Step 1 :We are given the sample mean, sample standard deviation, and the number of samples. We are asked to test the claim that the mean nickel diameter drawn by children in the low income group is greater than 21.21 mm. This is a one-tailed t-test problem because we are testing if the mean is greater than a certain value.
Step 2 :The null hypothesis, \(H_{0}\), is that the mean nickel diameter is equal to 21.21 mm. The alternative hypothesis, \(H_{1}\), is that the mean nickel diameter is greater than 21.21 mm.
Step 3 :We can calculate the test statistic using the formula: \(t = \frac{\bar{x} - \mu_{0}}{s / \sqrt{n}}\) where \(\bar{x}\) is the sample mean, \(\mu_{0}\) is the hypothesized population mean, \(s\) is the sample standard deviation, and \(n\) is the number of samples.
Step 4 :We can then compare the test statistic to the critical value at the 0.05 significance level to decide whether to reject or fail to reject the null hypothesis.
Step 5 :The test statistic value is approximately 0.642, and the critical value is approximately 1.685. Since the test statistic is less than the critical value, we fail to reject the null hypothesis. This means there is not sufficient evidence to warrant rejection of the claim that the mean nickel diameter drawn by children in the low income group is greater than 21.21 mm.

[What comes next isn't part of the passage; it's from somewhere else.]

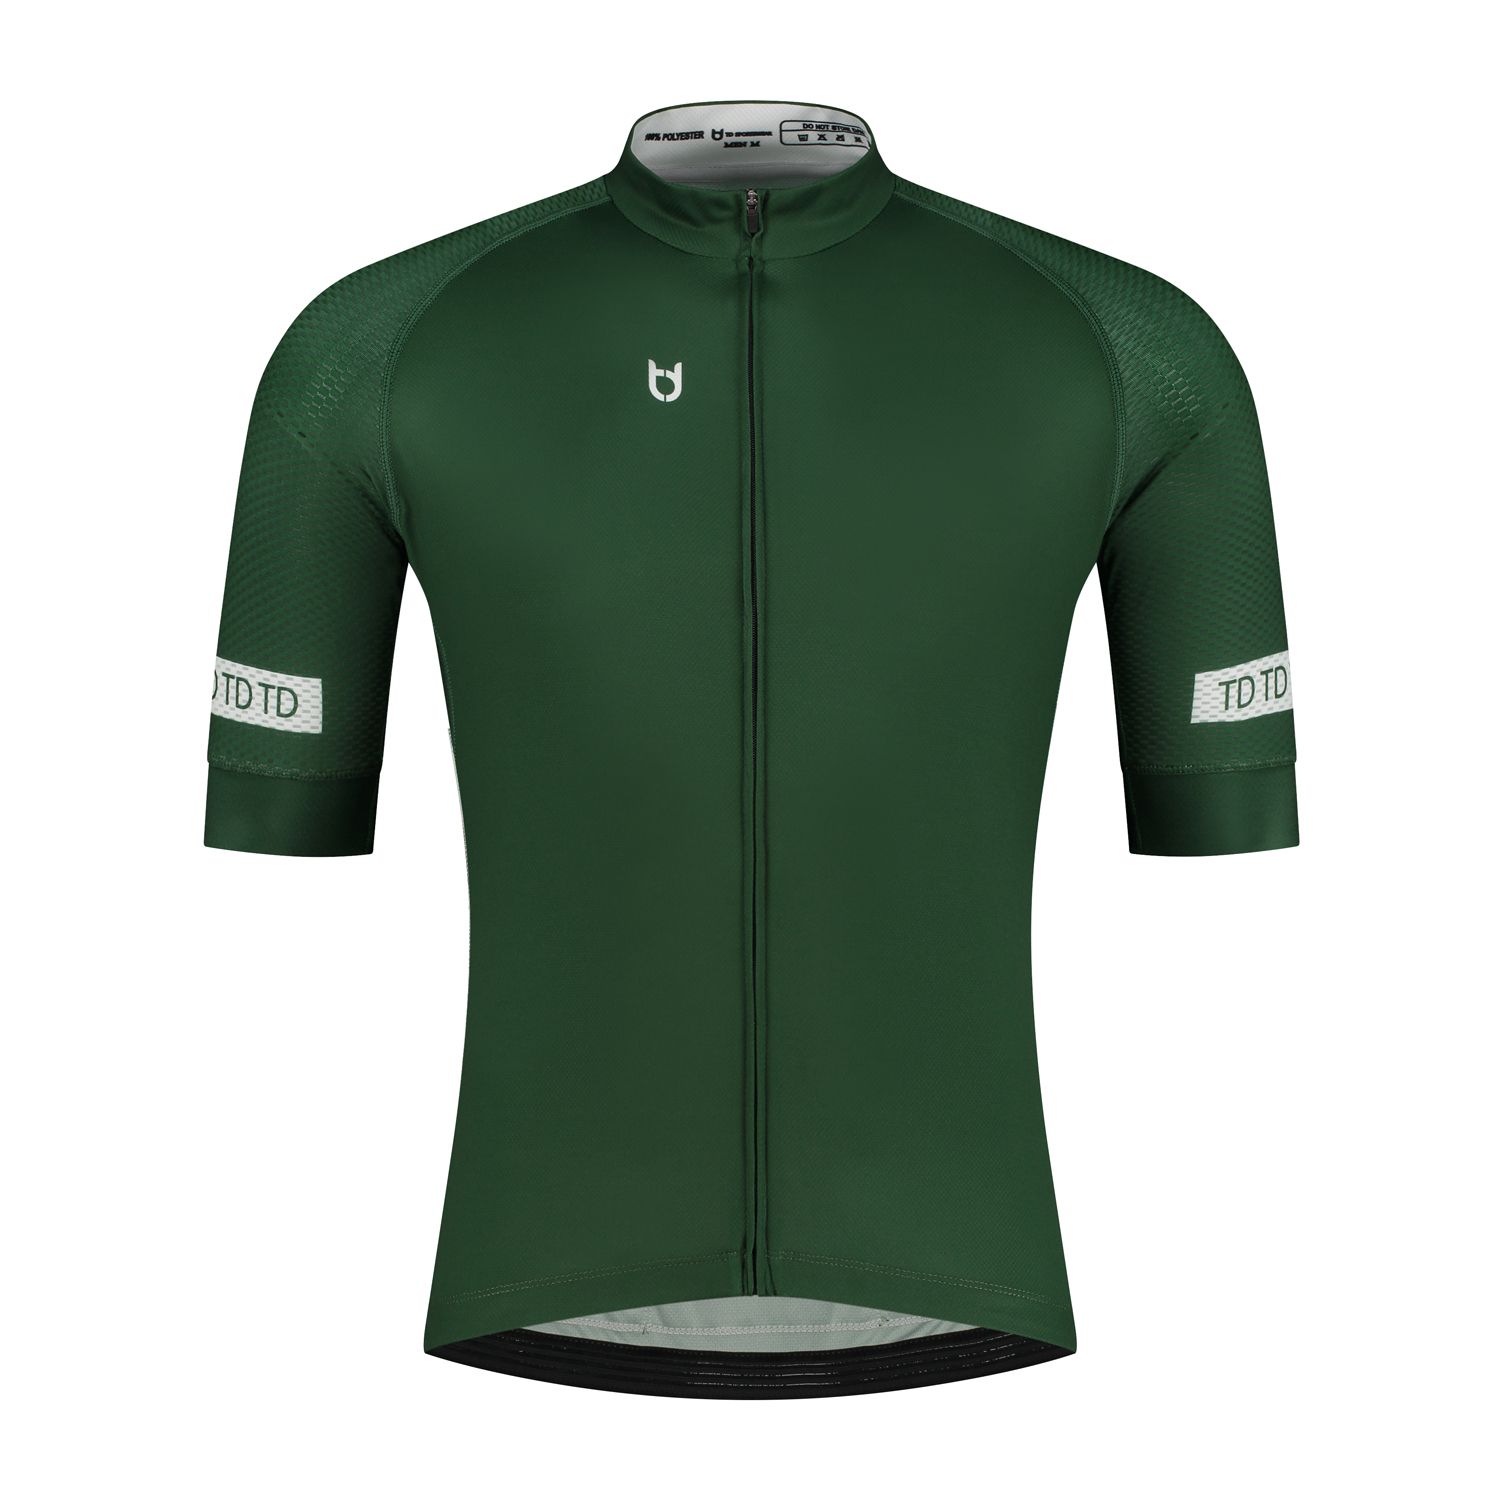 front green cycling jersey men sizing short sleeves shirt TD

Step 6 :Final Answer: a) The correct alternative hypothesis is: \(H_{1}: \mu > 21.21\) b) The test statistic value is: \(\boxed{0.642}\) c) Using the Traditional method, the critical value is: \(\boxed{1.685}\) d) Based on this, we: Fail to reject \(H_{0}\) e) Which means: There is not sufficient evidence to warrant rejection of the claim.